Further, not all provisions of HOTMA that are applicable to PIH or Multifamily programs are also applicable to LIHTC units. “This could be an issue for folks with blended properties,” she says. “Some people aren’t aware of exactly what’s effective and when, because it varies by program and it’s changed over time.”
In addition, over the last few years, HUD and state allocating agencies have, for some programs, moved from the Uniform Physical Condition Standards (UPCS) to the National Standards for the Physical Inspection of Real Estate (NSPIRE) standard for property inspections. Those changes have already been implemented in public housing and multifamily housing programs and will soon be used for tenant-based and project-based voucher programs as well.
In addition to creating compliance challenges for owners of blended properties, these staggered deadlines and different requirements can be challenging for affordable housing companies with properties in several states, because deadlines and requirements may be different depending on the state. “For property management companies that operate in one state, it’s likely a lot easier than for companies that operate in multiple states,” Sowards says.

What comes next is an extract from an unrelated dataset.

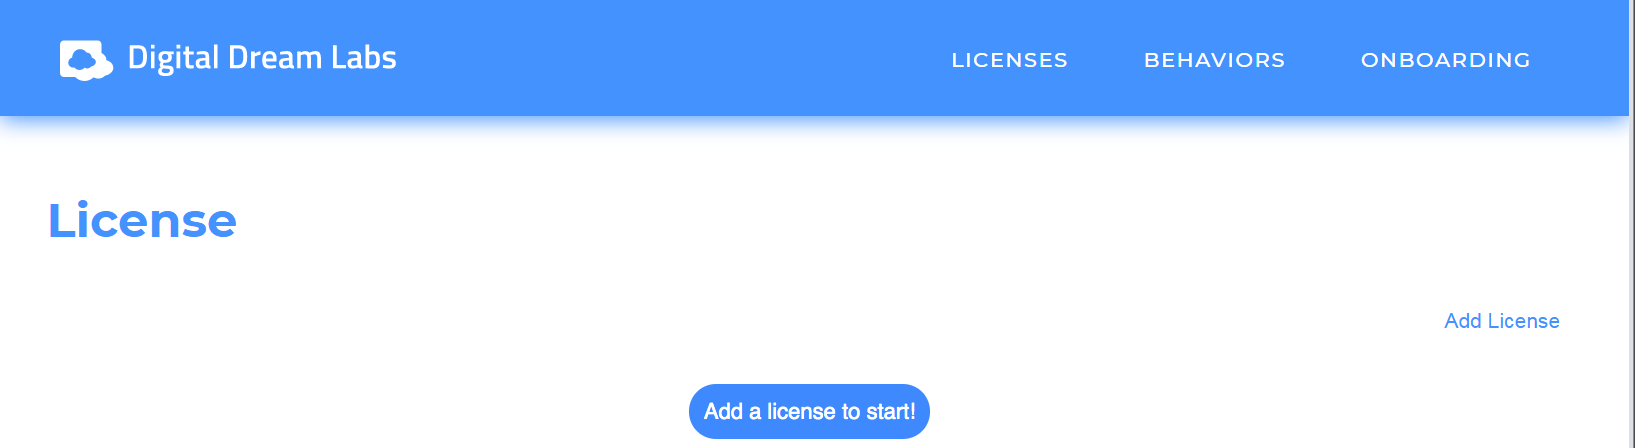 Add license

Though that has always been the case, Sowards emphasizes that HOTMA changes can add to the complexity.
“If you’re a company that has in-house compliance, you always need to make sure your compliance staff are savvy and up to date on regulatory changes,” Sowards says. “HOTMA means they really need to get trained and stay up-to-date, and they need to be disseminating information to site staff regularly.”
Sowards expects state allocating agencies and HUD to be somewhat lenient in enforcement of HOTMA in the initial years during compliance audits, asking housing providers to correct errors going forward and working with them to implement the new rules.
She suggests housing providers stay in close contact with state allocating agencies and monitor communications from HUD regularly. She also emphasizes that they shouldn’t hesitate to ask questions or seek clarity. HUD’s email for questions for PIH programs is [email protected]. For Multifamily programs, it’s [email protected].